The Healing Potential of Photographic Art
For Trevale, the creation of this book has served as a healing process, reshaping the unresolved suffering of exile into purposeful artistic output. She describes the project as a means of paying tribute to those who remain in Venezuela whilst concurrently addressing her own displacement. This dual purpose—personal catharsis and communal record—gives the work its distinctive emotional resonance. Photography functions as not merely a factual instrument but a therapeutic practice, allowing Trevale to reassert control over her own narrative whilst elevating the voices of Venezuelan youth whose stories are often sidelined in global conversation. The camera becomes an tool of compassion, capable of sustaining ambiguity without reducing experience to reductive accounts of suffering or hopelessness.
The exhibition and published book represent the completion of this restorative process, providing both creator and viewers the chance to engage with Venezuelan identity through a lens of compassionate witness rather than dramatised accounts of crisis. By presenting her work publicly, Trevale encourages audiences to take part in their own healing journey, to recognise the human worth and respect of young people navigating impossible circumstances. This collective engagement transforms individual trauma into shared understanding, establishing room for different stories that recognise suffering whilst celebrating the resilience, creativity, and hope that endure within Venezuelan communities. The photographic medium, in Trevale’s practice, becomes an gesture of defiance and compassion.
A Word of Hope for Tomorrow’s People
Trevale’s work goes further than individual storytelling or creative documentation; it operates as a deliberate counter-narrative to the constant crisis narratives that has come to define Venezuela’s international image.

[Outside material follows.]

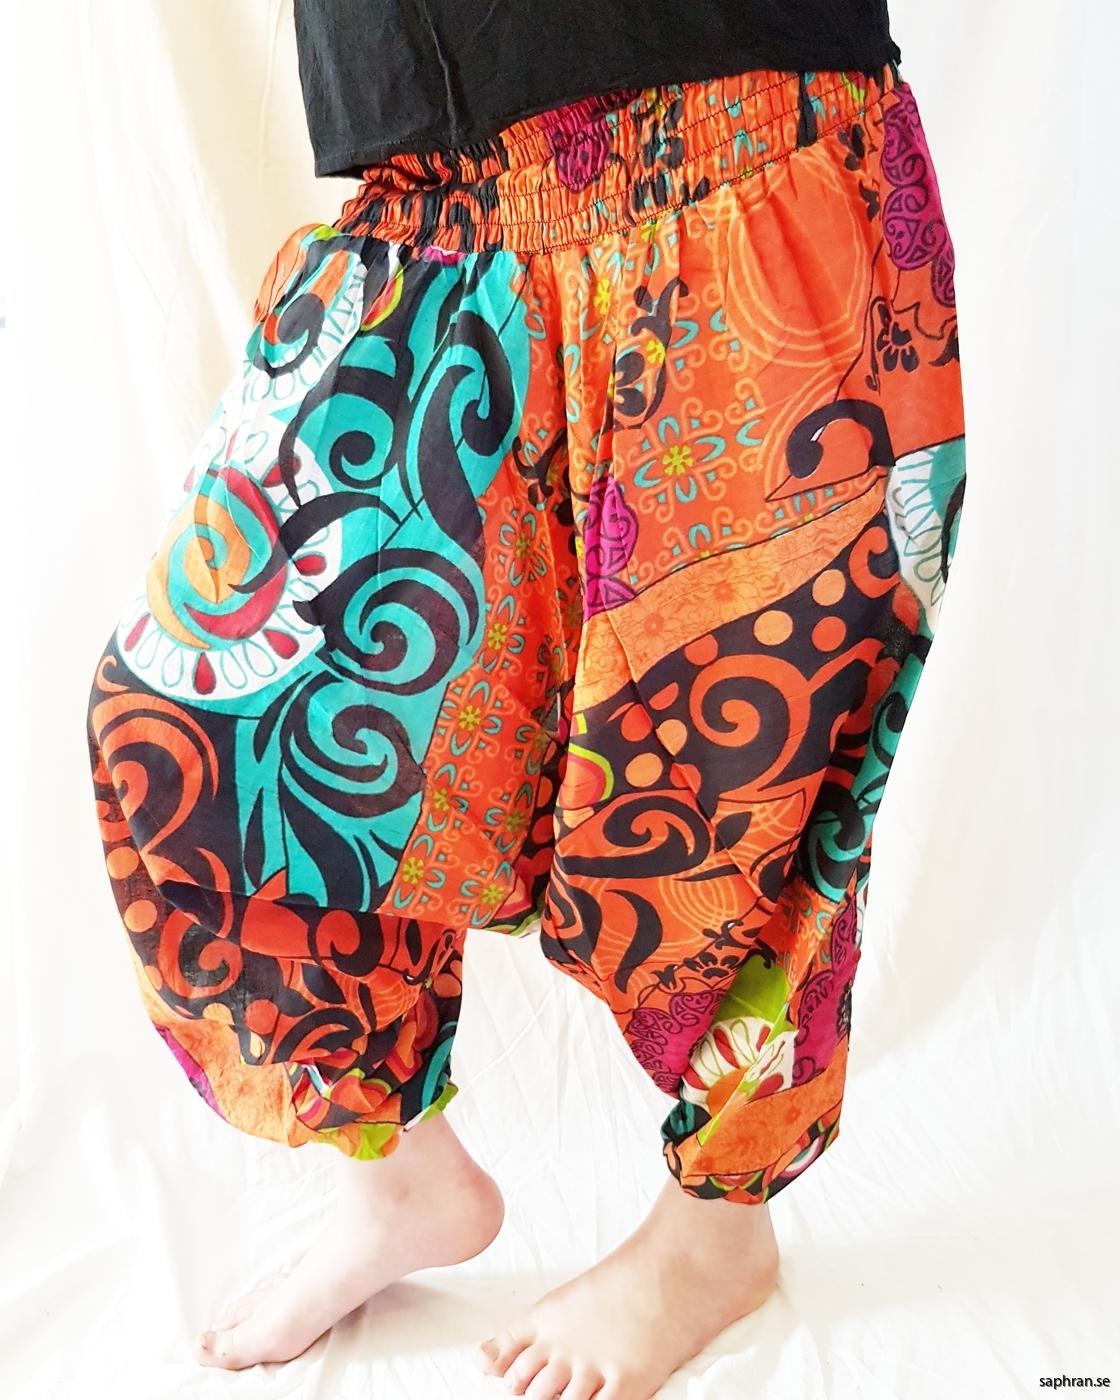 Orangea haremsbyxor med mönster för barn. Perfekta sommarplagget för de små.

By foregrounding the voices and stories of younger generations, she questions the idea that an whole country can be confined to news stories of economic crisis and political instability. Her visual work calls for a deeper and more layered comprehension—one that recognises hardship whilst at the same time honouring the agency, creativity, and determination of those building futures within severely limited conditions. This reframing is not denial of hardship but rather a resistance to letting hardship become the entirety of a nation’s narrative.
Through her viewpoint, Trevale presents future generations of Venezuelans—both those who remain and those in diaspora—a visual archive of resilience and continuity. The book serves as a gift to young people who may inherit a altered Venezuela, offering them with testimony that their ancestors persevered with dignity and hope intact. It functions as a testament that identity surpasses geographical boundaries, that affection for one’s country remains across distance, and that bearing witness to one another’s struggles constitutes a profound form of solidarity. In recording the here and now with such tenderness, Trevale bequeaths an inheritance of hope.